Instructions for the task
Whenever the string "ASSY" turns up in a line of the data below, copy that line.

Supplied material
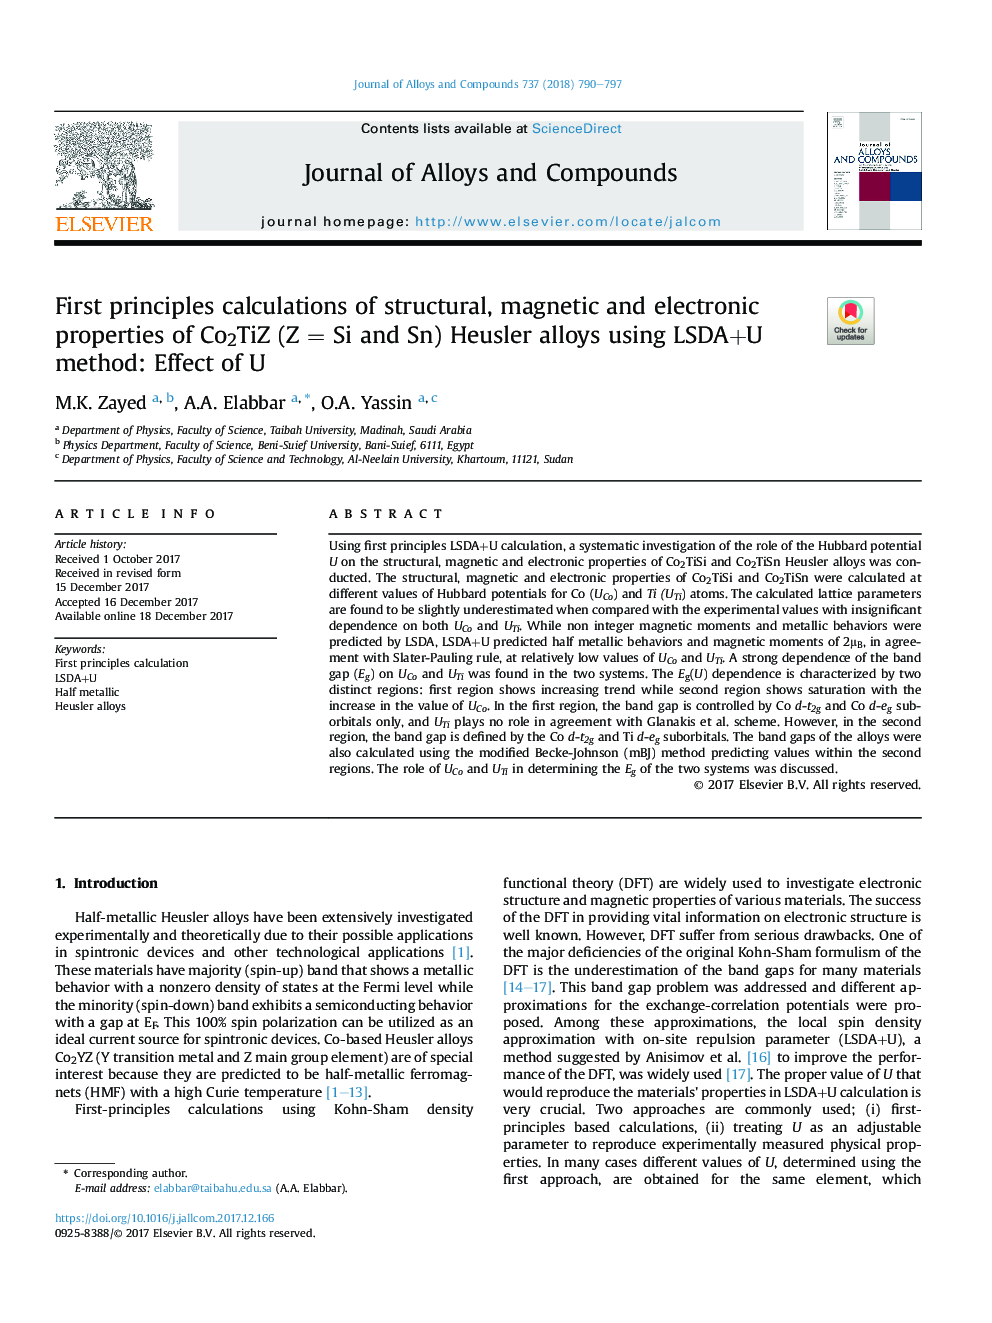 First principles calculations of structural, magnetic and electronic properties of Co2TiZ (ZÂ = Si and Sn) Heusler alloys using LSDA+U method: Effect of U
--
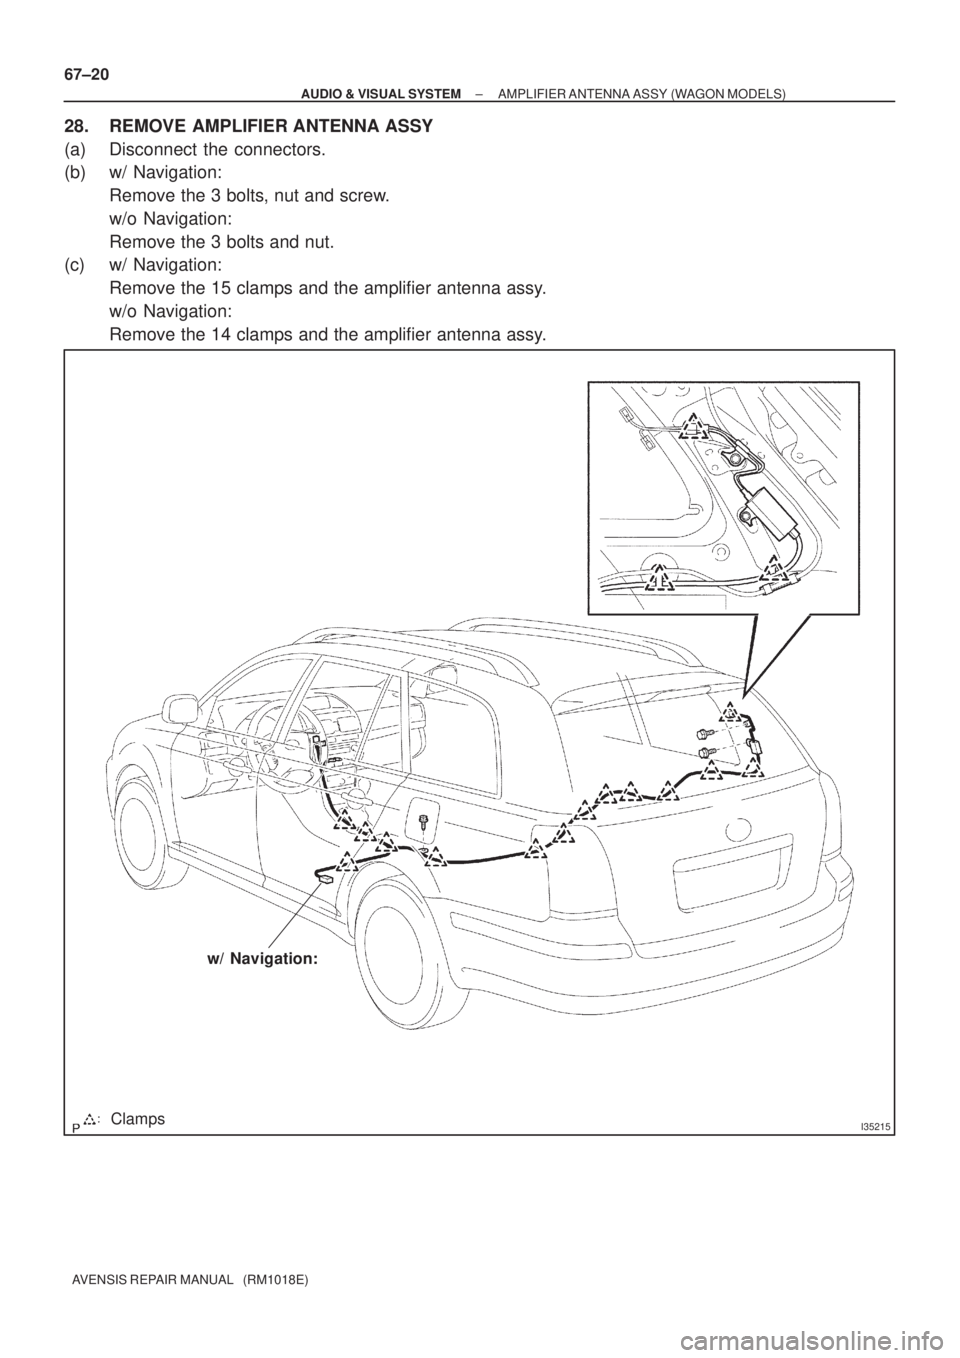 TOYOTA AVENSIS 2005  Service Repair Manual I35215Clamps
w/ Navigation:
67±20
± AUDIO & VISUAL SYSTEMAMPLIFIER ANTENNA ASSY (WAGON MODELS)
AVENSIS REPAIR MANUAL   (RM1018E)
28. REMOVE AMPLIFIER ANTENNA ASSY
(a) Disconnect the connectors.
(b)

Answer box
± AUDIO & VISUAL SYSTEMAMPLIFIER ANTENNA ASSY (WAGON MODELS)
28. REMOVE AMPLIFIER ANTENNA ASSY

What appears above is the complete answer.